The failure wasn't AI-slop. It was shipping boot-path automation whose probes I'd never pressure-tested against a fresh boot, and whose remediation was a sledgehammer wired to a tripwire that fires every single time the machine comes up cold. An agent wrote half of it, I wrote the other half, and both halves believed the same lies about what "healthy" looks like in the first three minutes after boot.

The lesson isn't "don't let AI write your scripts." AI wrote plenty of careful code I'm still running. The lesson is two things — **what your probes actually test, and what your remediation is actually allowed to do** — and neither of those is AI-shaped:

**Probes have to test the thing you actually care about.** My probes checked the admin plane — "is the SSH tunnel up? can I run `docker ps` remotely?" — which is inherently flaky in this environment. What I actually cared about was the data plane: does Inngest answer a health check? Does Redis PONG? Those diverged. Admin plane was broken continuously. Data plane was fine. The probes looked at the wrong signal and red-alerted on it forever.

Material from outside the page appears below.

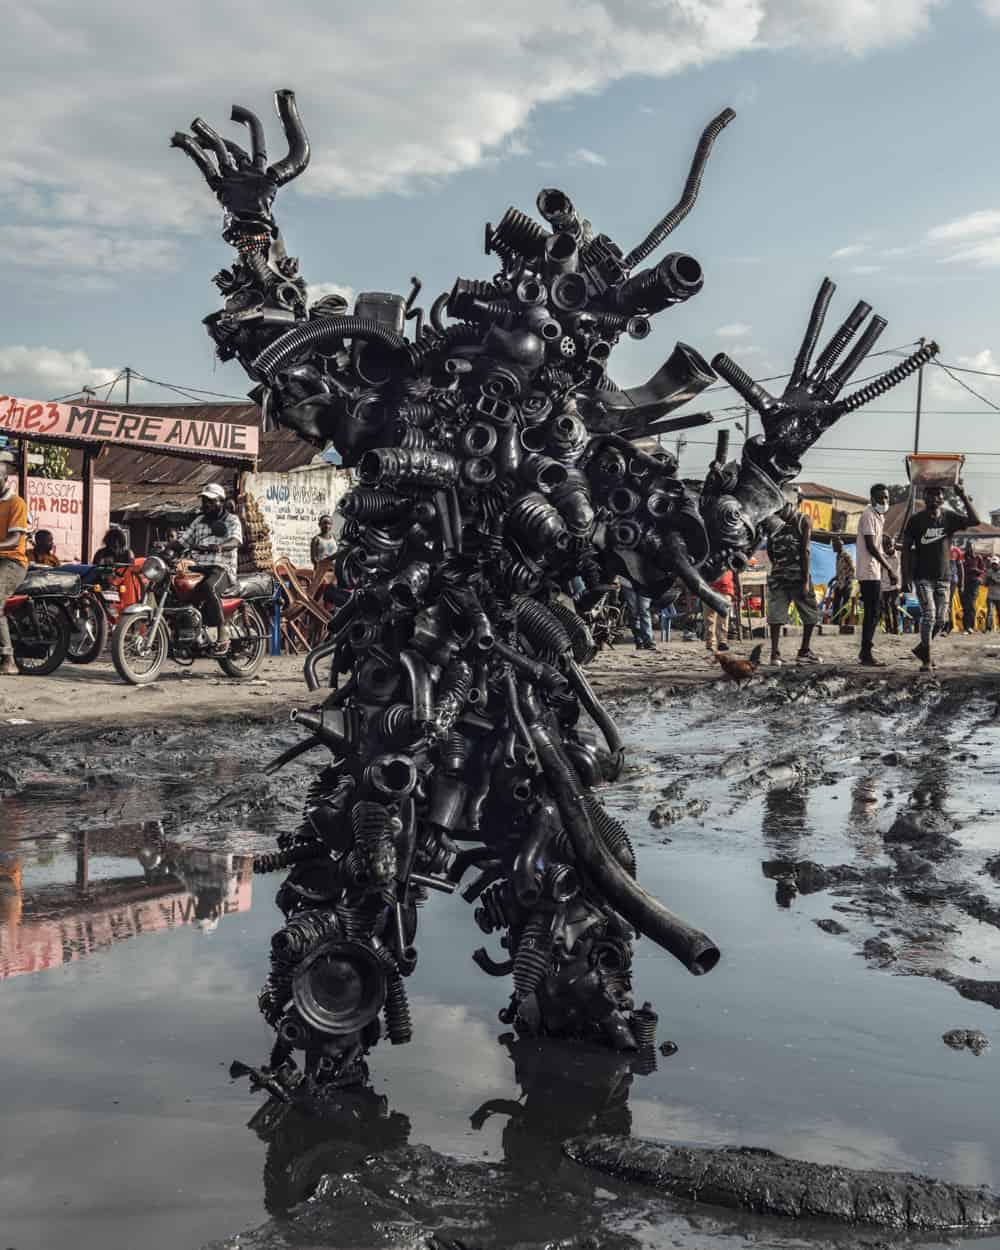 Untitled #9, 2020 Homo Detritus, Real Portraitik #5 Kinshasa, RDC ©Stephan Gladieu

**Remediation has to be proportional to the fault.** A single probe failing is not a reason to force-cycle a hypervisor. That's a sledgehammer reaching for a thumbtack. If flannel is crashlooping, restart flannel. If kubelet is stuck, restart kubelet. If one pod is wedged, delete the pod. `colima stop --force` should never be in an automation chain — full stop. That's a human decision made after looking at actual data.

## What I'm doing now

One watchdog, not three. Probes only against data-plane services over stable network paths — HTTP to real service endpoints, not SSH into the hypervisor. Remediation that caps at restart-the-specific-broken-thing. Nothing reaches for `colima stop --force` except me.

The 867-line bash script is still on disk. Disabled, not deleted.